The Court of Appeal examined the syntax and wording of the indemnity with the above factors in mind and concluded that the clause required that each of the categories of loss had to flow or arise from a claim made against Sureterm or from a complaint registered with the FSA or appropriate regulator.
Position in Hong Kong case law
General discussions on the interpretation of contracts in Hong Kong case law reciprocate the notion explored by Clarke LJ in the Case that there is a principal need to strike a balance between the natural meaning of the chosen language in a clause and so called commercial common sense. In Urban Renewal Authority v Agrila Limited and another HCA 1582/2002, the judge commented that as the parties have made a conscious decision to choose the wording in a clause, the starting point should always be the natural meaning of those words.
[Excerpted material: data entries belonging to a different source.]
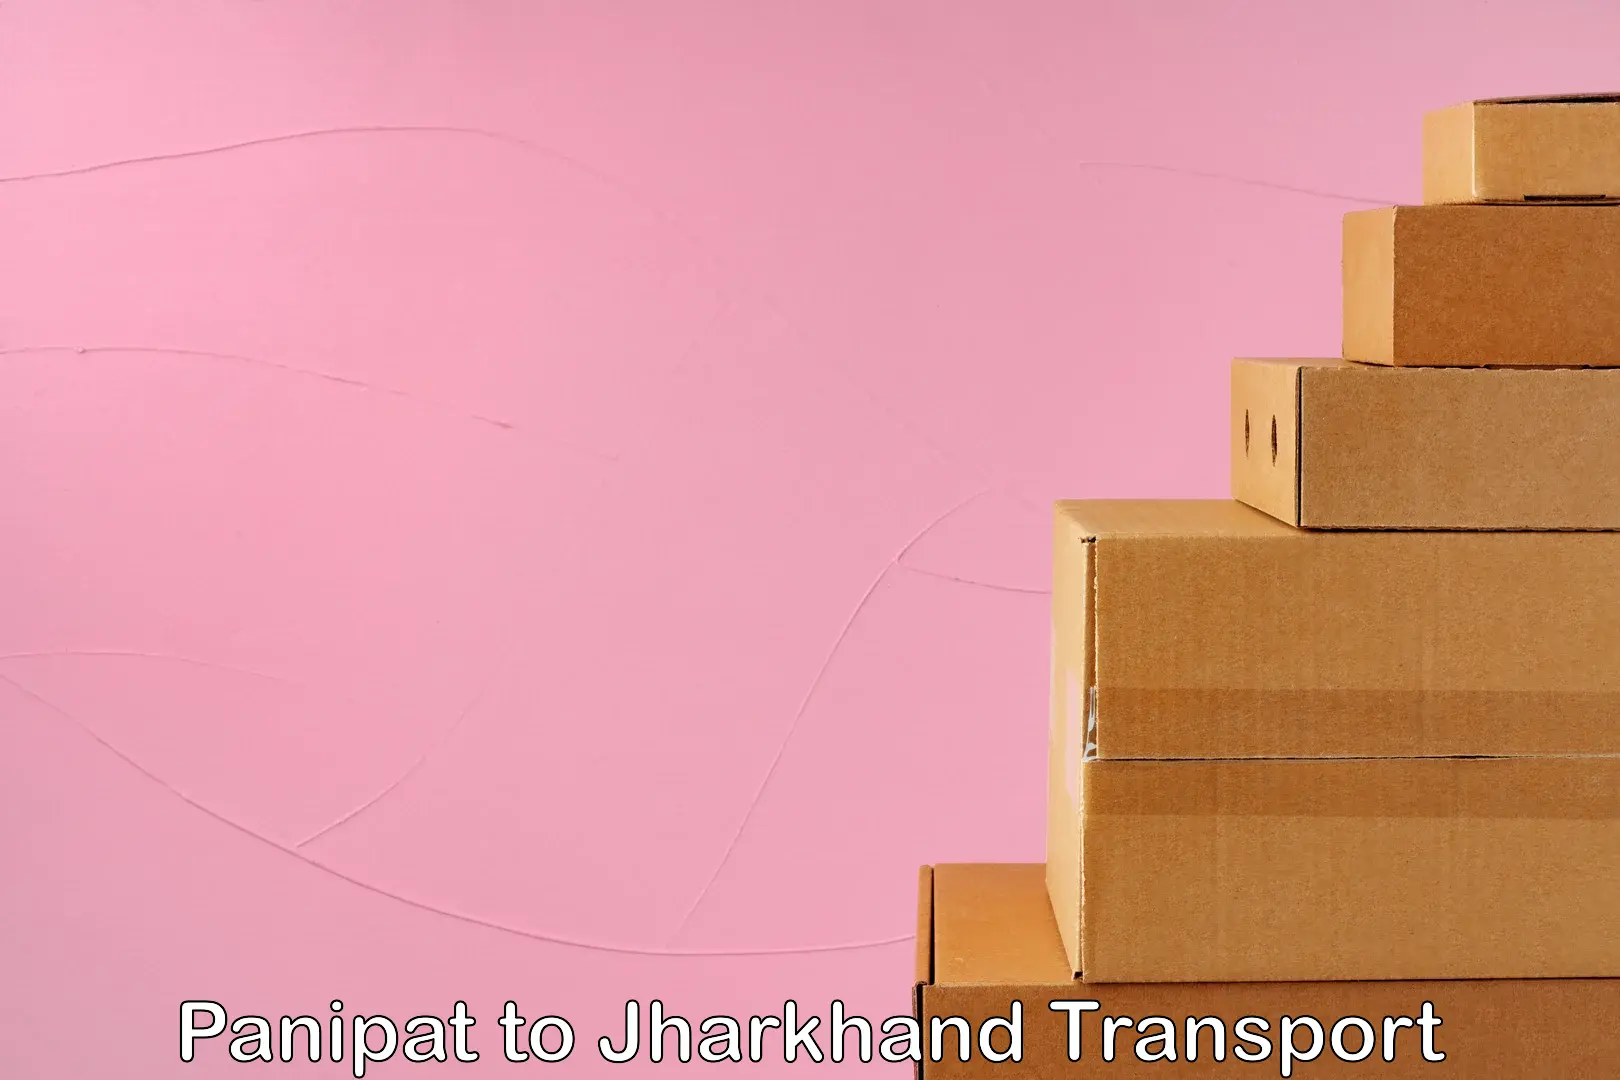 Container transport service Panipat to Jharkhand
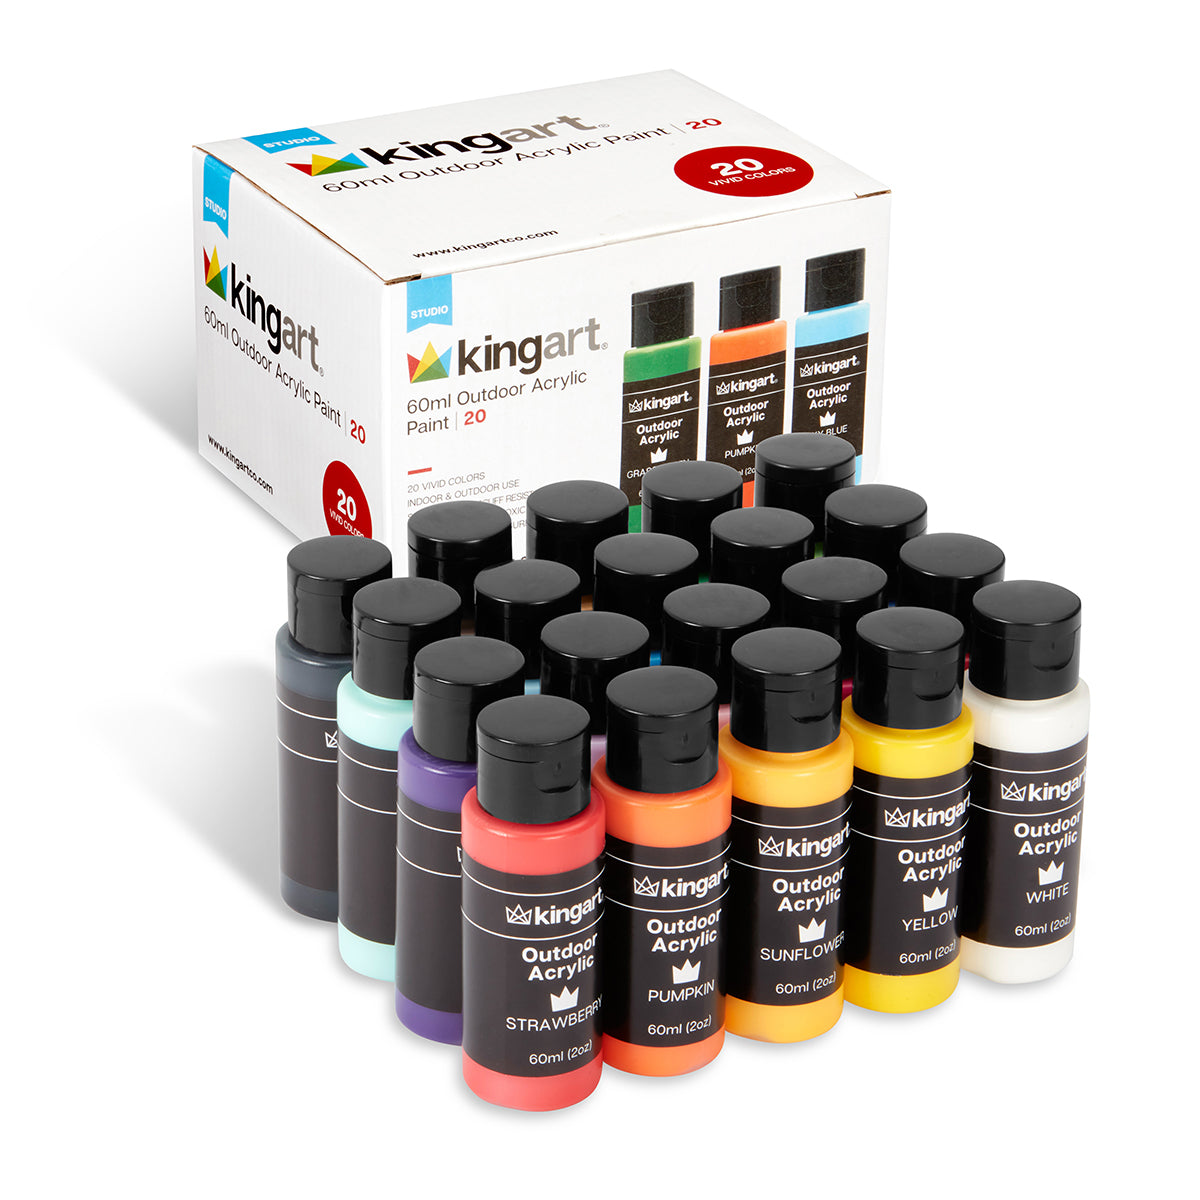 Metallic Acrylic Paint Set of Premium 24 Colors with 12 Brushes,Professional Grade Metallic Paints with Bottles (2fl oz 60ml), Rich Pigments of Non
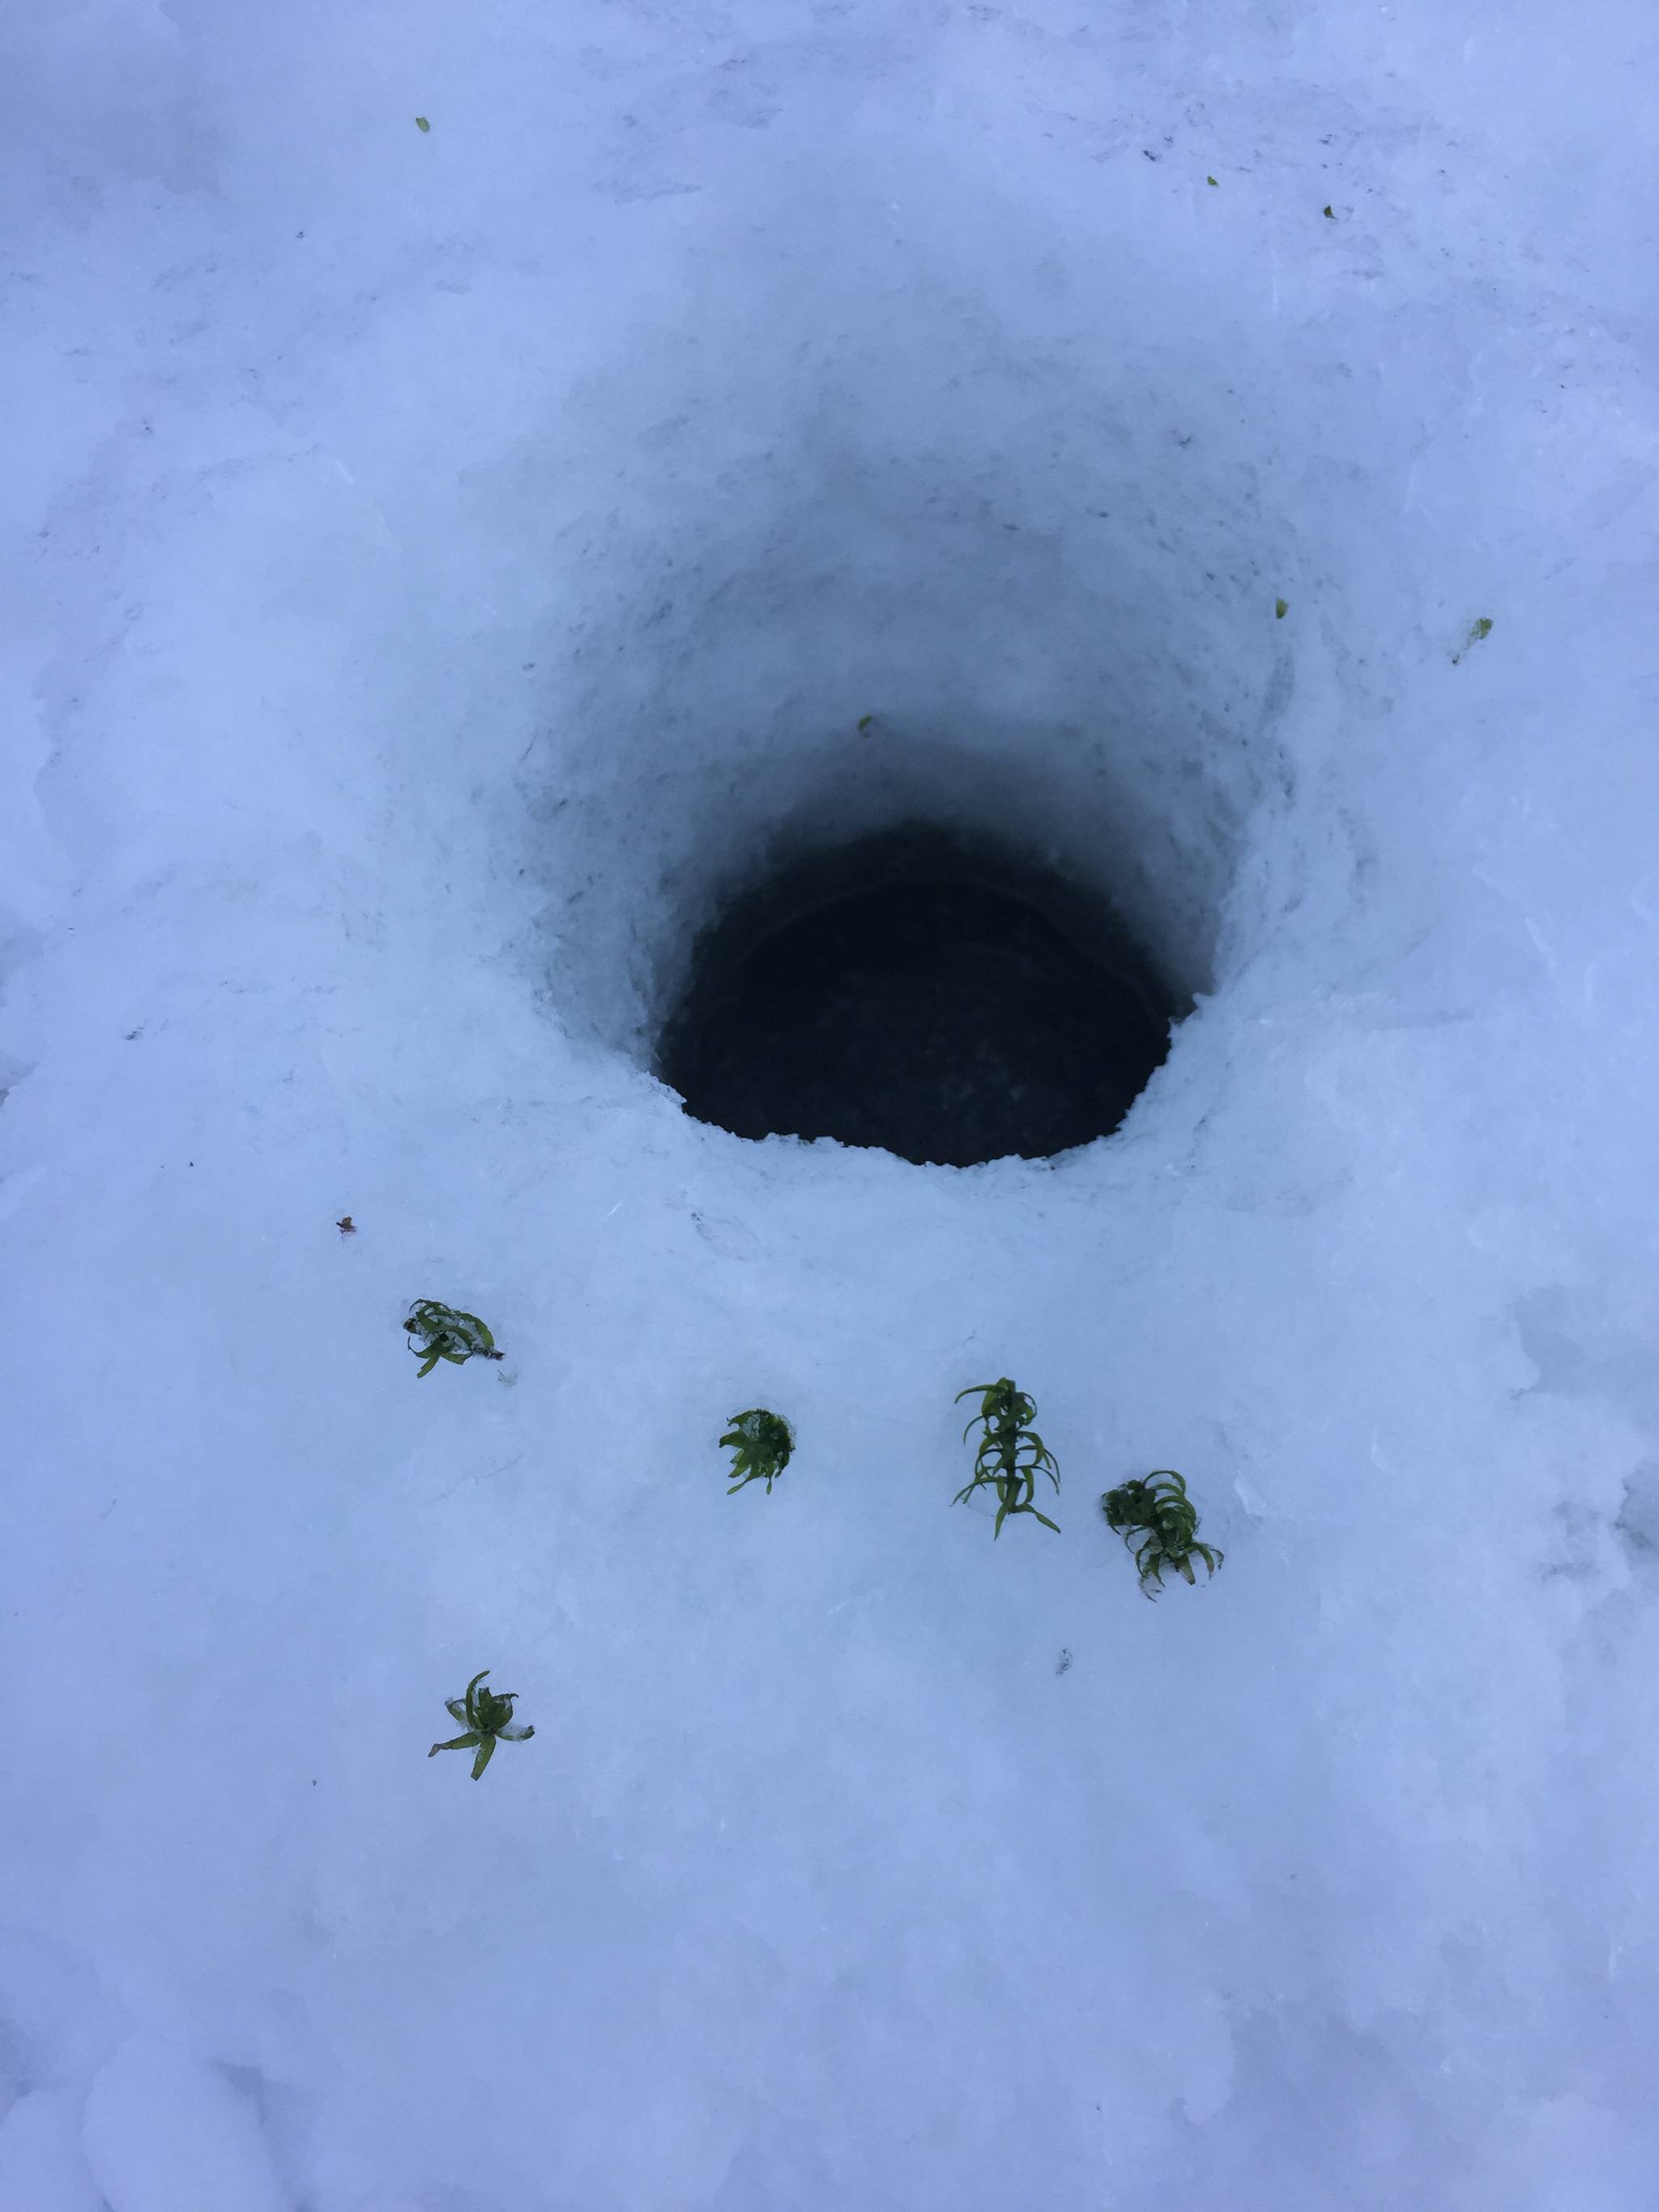 Fragments of the invasive water weed elodea lay in the snow beside an auger hole drilled on Sport Lake in February 2017 in Soldotna, Alaska. Alaska Department of Fish and Game biologists found a small amount of elodea when drilling auger holes in preparation for an ice fishing event for the Kenai Peninsula Borough School District. (Photo courtesy Rob Massengill/Alaska Department of Fish and Game)

It is only when those words produce an outcome "so commercially nonsensical" that the parties could not have intended for that outcome to occur or where it is clear from the background or context that a specific commercial outcome was intended but not achieved that the court should consider re-interpreting a clause along commercial lines.
Our comment
It is clear from the Case that great care must be taken when drafting indemnities. Since indemnities are not usually subject to time and monetary limits, like the indemnity in the Case, they are often preferred over warranty claims as a means of recovery. However, it is exactly for this reason that the envisaged recoverable losses must be precisely set out so that they will not be challenged in court. In this example the indemnity was ambiguous enough to be interpreted in completely contrasting ways by the High Court and the Court of Appeal. Vital clarity would have been achieved had the drafter of the SPA broken down the indemnity further into sub-clauses or listed out the types of losses recoverable and the means by which each type of loss must arise or used language to indicate that all losses must arise in a single manner. It is apparent that the Court of Appeal viewed that the High Court had placed undue influence on achieving a commercially sensible outcome. The general position is that it is not for the court to save imprecise drafting by imposing a commercially sensible outcome on the parties where the language chosen by those parties has a clear meaning. This is especially true in circumstances, like the Case, where the literal meaning may represent a bad business bargain for one or all of the parties. It is only in exceptional circumstances where (upon an examination of the wider context of the agreement) the literal or clear meaning would go so completely against the commercial intentions of the parties that a court will resort to an interpretation along commercial lines so as to avoid an absurd or nonsensical outcome. It is further worth noting that M&A transactions are predominately between two sets of commercial parties; consequently the court from the outset will be unsympathetic to a party's requests to re-interpret or reword a clause in a sale and purchase agreement. The Court is there to add legal certainty, not to reword agreements which are functional and valid.
[1] As a result of the UK's Financial Services Act 2012, the FSA was abolished on 1 April 2013 and regulation of the UK's financial services industry passed on to the Prudential Regulatory Authority, the Financial Conduct Authority and the Bank of England's Financial Policy Committee.